- [Task requirements] Report each line of the records below that holds the word "para".

Data extracted from a collection:
+ + + + +

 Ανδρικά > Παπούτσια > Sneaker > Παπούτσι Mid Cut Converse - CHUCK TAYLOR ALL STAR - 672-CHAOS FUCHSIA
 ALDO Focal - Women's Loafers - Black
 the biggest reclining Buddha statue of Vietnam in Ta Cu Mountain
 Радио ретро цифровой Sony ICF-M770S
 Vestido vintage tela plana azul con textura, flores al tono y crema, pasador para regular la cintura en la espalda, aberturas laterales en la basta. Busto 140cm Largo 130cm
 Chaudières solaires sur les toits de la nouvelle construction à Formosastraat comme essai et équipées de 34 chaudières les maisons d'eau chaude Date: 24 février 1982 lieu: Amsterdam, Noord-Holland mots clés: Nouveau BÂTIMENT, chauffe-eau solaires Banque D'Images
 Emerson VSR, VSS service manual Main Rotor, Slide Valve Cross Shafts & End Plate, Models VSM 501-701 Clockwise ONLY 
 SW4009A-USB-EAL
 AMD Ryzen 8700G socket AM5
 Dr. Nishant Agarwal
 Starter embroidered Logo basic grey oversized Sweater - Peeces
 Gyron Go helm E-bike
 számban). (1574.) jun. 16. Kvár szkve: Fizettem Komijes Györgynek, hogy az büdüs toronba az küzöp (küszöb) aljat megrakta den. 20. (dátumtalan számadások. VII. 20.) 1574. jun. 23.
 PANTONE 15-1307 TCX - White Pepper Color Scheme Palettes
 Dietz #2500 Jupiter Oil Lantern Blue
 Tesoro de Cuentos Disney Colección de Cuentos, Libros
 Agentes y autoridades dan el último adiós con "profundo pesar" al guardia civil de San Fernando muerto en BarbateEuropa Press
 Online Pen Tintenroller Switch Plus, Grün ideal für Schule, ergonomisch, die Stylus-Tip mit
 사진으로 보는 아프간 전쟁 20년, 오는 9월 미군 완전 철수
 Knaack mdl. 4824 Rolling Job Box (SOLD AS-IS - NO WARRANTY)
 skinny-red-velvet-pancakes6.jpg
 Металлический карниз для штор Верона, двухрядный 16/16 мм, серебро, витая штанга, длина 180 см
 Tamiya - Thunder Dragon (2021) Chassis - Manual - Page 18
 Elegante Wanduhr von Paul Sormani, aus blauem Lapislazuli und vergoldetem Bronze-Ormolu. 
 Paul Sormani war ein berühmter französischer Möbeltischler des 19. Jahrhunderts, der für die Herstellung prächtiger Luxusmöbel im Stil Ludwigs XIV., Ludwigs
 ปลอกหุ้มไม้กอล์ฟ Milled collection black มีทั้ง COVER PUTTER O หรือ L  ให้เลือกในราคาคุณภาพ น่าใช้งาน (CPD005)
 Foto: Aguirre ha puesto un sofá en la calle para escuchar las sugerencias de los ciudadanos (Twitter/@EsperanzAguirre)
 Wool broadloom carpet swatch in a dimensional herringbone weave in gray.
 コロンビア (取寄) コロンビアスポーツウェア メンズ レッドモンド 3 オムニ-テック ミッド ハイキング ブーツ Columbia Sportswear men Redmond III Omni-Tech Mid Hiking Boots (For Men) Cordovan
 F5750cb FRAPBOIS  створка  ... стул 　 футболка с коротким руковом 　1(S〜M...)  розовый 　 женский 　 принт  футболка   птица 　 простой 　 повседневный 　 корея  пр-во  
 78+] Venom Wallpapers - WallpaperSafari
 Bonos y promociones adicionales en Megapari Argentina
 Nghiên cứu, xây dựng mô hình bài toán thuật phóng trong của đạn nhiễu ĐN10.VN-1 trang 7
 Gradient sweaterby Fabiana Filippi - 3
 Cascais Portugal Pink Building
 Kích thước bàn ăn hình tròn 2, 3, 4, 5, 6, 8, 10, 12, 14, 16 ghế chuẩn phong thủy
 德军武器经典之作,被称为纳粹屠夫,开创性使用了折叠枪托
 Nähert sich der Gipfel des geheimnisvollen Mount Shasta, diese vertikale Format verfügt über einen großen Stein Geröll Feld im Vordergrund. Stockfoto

+ + + + +

- [Reply]
 Vestido vintage tela plana azul con textura, flores al tono y crema, pasador para regular la cintura en la espalda, aberturas laterales en la basta. Busto 140cm Largo 130cm
 Foto: Aguirre ha puesto un sofá en la calle para escuchar las sugerencias de los ciudadanos (Twitter/@EsperanzAguirre)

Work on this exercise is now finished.